McCabe signed the contract in mid-November, agreeing to purchase the rights to perform the musical at the school for $3,110. The entire production, she said, carries a price tag of about $10,000.
She now says she signed under pressure.
“I was already way behind in the decision-making for a March show,” she said. “We had barely picked the show, and I hadn’t even called for auditions.”
Part of the frantic pace was due to a change in tradition. Until this year, spring musicals in Forest Grove have been staged in May, a practice that increasingly conflicted with end-of-the year academic pressures on upperclassmen.
Looking back, McCabe isn’t certain whether she was fully aware of the advertising restriction before signing, or shortly after. But the reality has struck a nerve with McCabe and others.
McCabe was told just before Christmas that a Broadway touring company would be coming to Portland this summer to put on the same production.
Knowing that well-known musicals represent valuable intellectual property to their owners she got online but was unable to find any information about a stop in the Pacific Northwest.
She said that during her initial contacts with MTI, company representatives were clear they didn’t want FGHS ticket sales infringing on potential income elsewhere.
“I told them I didn’t think a little high school in Forest Grove, 25 miles from Portland, was going to make a dent,” said McCabe.
In the eight years she’s directed the local high school musical, McCabe can’t remember being in a similar situation.

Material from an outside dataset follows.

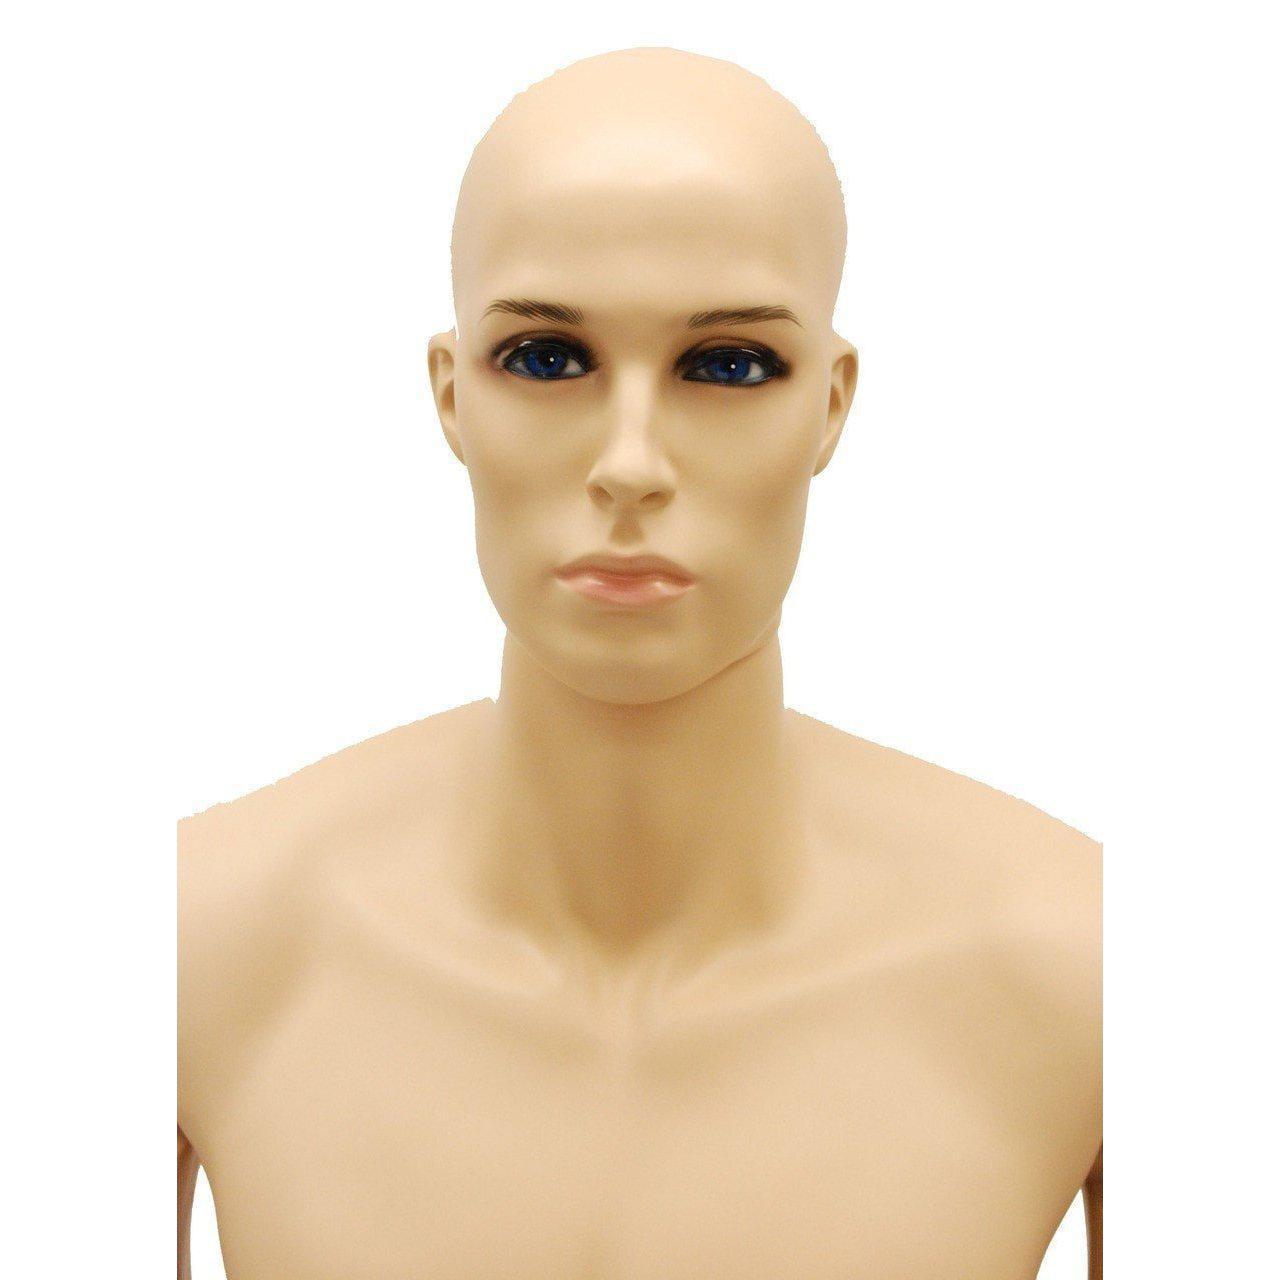 Bendable Male Mannequin w/ Realistic Head

Neither can John Doty, director of the North Medford High School’s drama department.
Doty’s crew of student actors has just started rehearing Fiddler, which will be staged in early May.
When contacted by the News-Times, he got out his contract to see whether there was a “no advertise” clause buried in the fine print.
He found restrictions on what the promotions must include (the author’s name); the size of the type that must be used and what can’t be done with the name of the play (no cast t-shirts).
But there was nothing that says he can’t advertise.